Myeong Sook, a member of a special committee celebrating the 70th anniversary of the Universal Declaration of Human Rights, urged Korean society to understand the reality.
“The migrant workers are hated by Koreans and are attacked as job thieves. Migrant workers are also subject to hatred against their races and religions,” Myeong said. “It is time society correctly understands the reality and for the government to come up with proper legal measures.”
Regarding the complaints that have been raised for decades, the Labor Ministry maintains that the purpose of the program is to resolve the lack of manpower for domestic industries.
“The foreign workers sign contracts before coming to Korea, and it is inevitable that some limits exist for them,” Hwang Jeong-woo, an official at the Labor Ministry, told The Korea Herald, adding that the Constitutional Court in 2011 ruled it is not a violation of rights to regulate foreign laborers in changing their workplace.

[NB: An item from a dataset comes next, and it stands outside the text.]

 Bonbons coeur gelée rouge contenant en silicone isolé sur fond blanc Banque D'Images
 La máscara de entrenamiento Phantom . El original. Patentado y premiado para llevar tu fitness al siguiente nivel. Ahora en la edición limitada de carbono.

“The Korea labor law does not discriminate the employees by their nationality. A foreigner can also file a complaint when their workplace violates the labor law.”
Admitting there are cases of mistreatment, Hwang explained that the ministry is working to improve the system. From next year, migrant workers will be able to request changes of workplace for a longer list of reasons.
The ministry is reviewing accepting requests to change workplaces when the foreigners are sexually abused, not only by their employer, but by co-workers or others, starting next year.
As there have been many complaints about shoddy accommodations and living conditions, the ministry said it is also looking to set a standard employers would have to meet. If not, the workers would be able to file a request to move, the official explained.
For the first time since the program was implemented, the ministry published a labor manual for foreign workers in early December, which explains how to deal with mistreatment at work, in 16 languages. The manual is to be distributed to employment centers where foreign workers are trained before being dispatched to their contracted workplaces.